– Ты тут нам мозги не пудри, – закричал Терешкин. – Оправдываешься, ответственности боишься. Мы тебя заставим.
У меня снова кольнуло сердце. Я говорю:
– Вы, товарищ Терешкин, осторожнее на меня кричите, я сердечно больной, только что вчера выписался из больницы. Со мной шутки плохи, могу упасть и тут же умереть. За чужие грехи я не ответчик.
Сердце кололо, я схватился за грудь, достал таблетку валидола, положил под язык. Так как внятно говорить стало невозможно, сказал:
– Обождите минут пять, таблетка растает, тогда разговор продолжим.
Хороший человек Терешкин. Он подошел ко мне:
– Садитесь и успокойтесь. Все будет хорошо. Ответ за вас держать буду я, ведь спасательная-то станция принадлежит нашему райисполкому. Мы должны были вам помогать в наведении порядка, но упустили. Сейчас мы за вас вплотную возьмемся. Вчера уволили пока двоих – фельдшерицу и голого матроса, завтра мы и до вас с начальником доберемся. Но так как у начальника большое несчастье – заболела мать в Тбилиси, то вопрос пока оставим открытым. Надо правду сказать, начальник у них как человек неплохой. На работе бывает часто, порядки любит.
Пока он говорил, у меня таблетка валидола растаяла. Я подумал, что надо поддержать Терешкина за такую заботу о нашей спасательной станции:
– У нас, товарищ Терешкин, и фельдшерица была хорошим человеком, но только зря много пила и ходила в одних плавках, забывала надевать лиф. Из нее со временем мог бы получиться доктор.
Терешкин мне говорит:
– Вы успокойтесь, Максимович, мы сами знаем об этом. Так, товарищи депутаты, и решим, – продолжал Терешкин, – пусть руководство спасательной станции составит список мероприятий по наведению порядка.
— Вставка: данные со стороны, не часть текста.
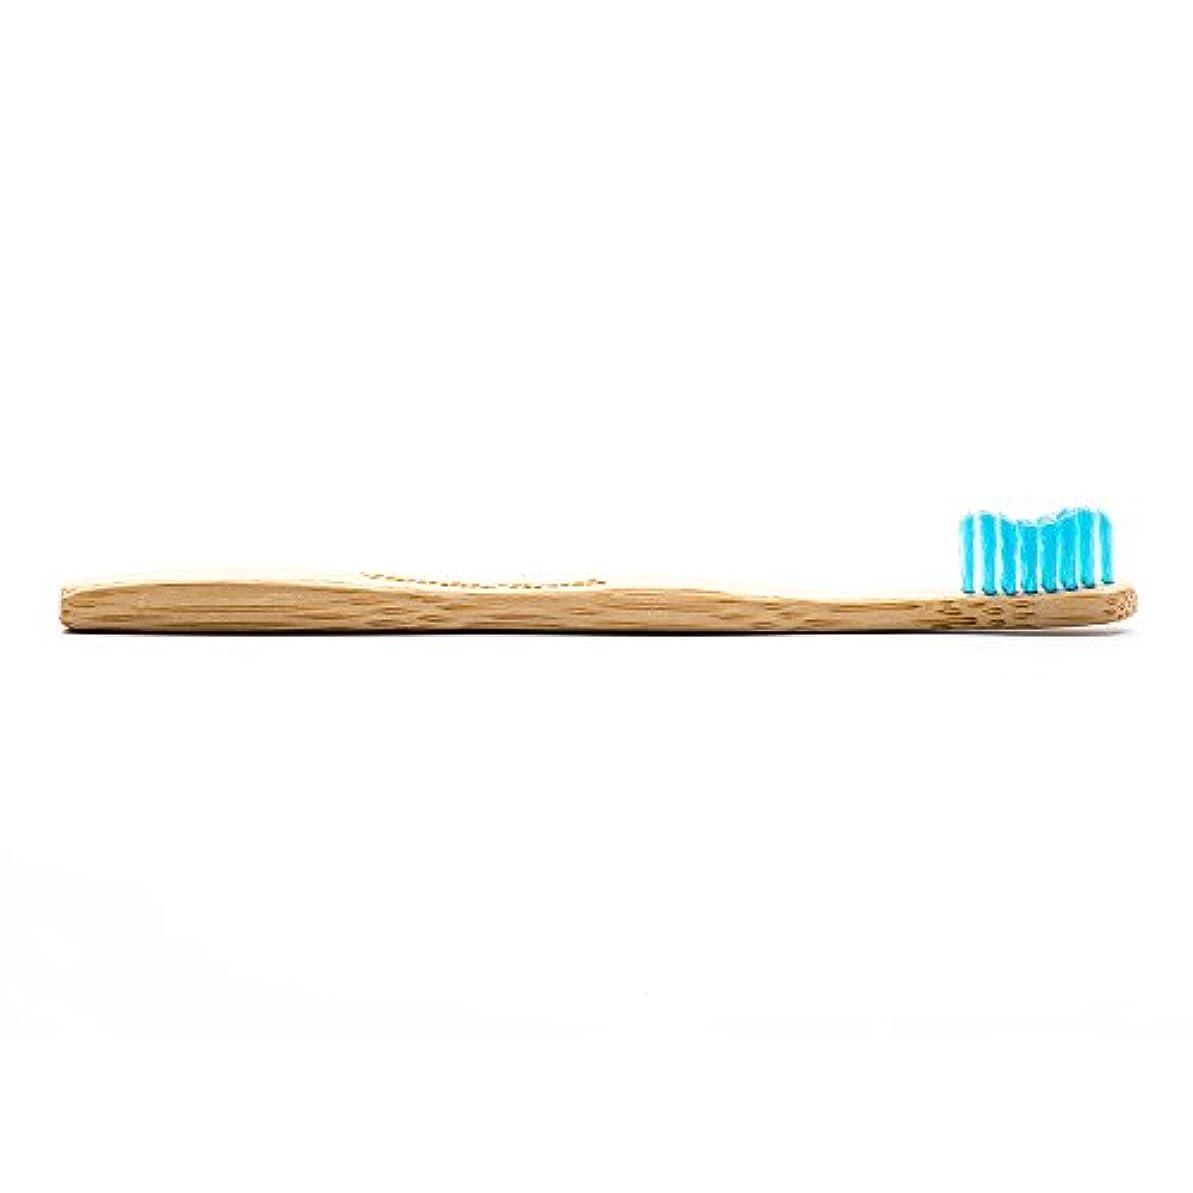 規制する霧供給THE HUMBLE CO.(ザ?ハンブル?コー) HUMBLE BRUSH(ハンブルブラッシュ) 歯ブラシ キッズ ブルー 15cm

Поручим это тебе, товарищ Семечкин, вместе с Осипидзе вы принесете мне на утверждение.
Я сказал, что все будет сделано, и пулей выскочил из райисполкома. Прихожу на спасательную станцию, думаю: «Буду наводить порядки и каждую неделю докладывать Терешкину». Смотрю, начальник сидит в своем кабинете в хорошим настроении, улыбка не сходит с его лица.
– Ты чему радуешься? – спросил я.
– Как чему? – ответил он. – Вчера получил телеграмму, мама в Тбилиси здорова, и депутатская комиссия нас не наказала.
– Откуда ты знаешь? – спросил я.
– Дорогой мой, ты из райисполкома еще не поспел выйти, как мне уже позвонили и сказали: «С тебя причитается».
– Давай тогда составлять список мероприятий по наведению порядка, – говорю я. – Нас обоих обязали.
– Почему мероприятия? Зачем мероприятия? – сказал начальник. – Мы без мероприятий хорошо работаем и будем работать. Кому суждено тонуть, пусть тонет. Мы тут ни при чем.
– Тогда я один составлю, – ответил я.
– Почему составишь? Зачем составишь? – сказал начальник. – Впрочем, я не возражаю.
Сидел я три дня, исписал целых две тетради. Список мероприятий был готов. Больше недели ждал, когда начальник появится на работе. Наконец он приехал. Даю ему список, говорю:
– Здесь я учел все, порядок будет наведен.
Он лукаво посмотрел на меня, подмигнул и произнес:
– Сейчас мне некогда читать, в следующий раз просмотрю.
Напоминал я ему о мероприятиях еще два раза. Ему было некогда. Так он до сих пор не прочитал. Терешкин тоже забыл. В этом году дела вроде лучше. Пьяные бывают, а голым никто не ходит.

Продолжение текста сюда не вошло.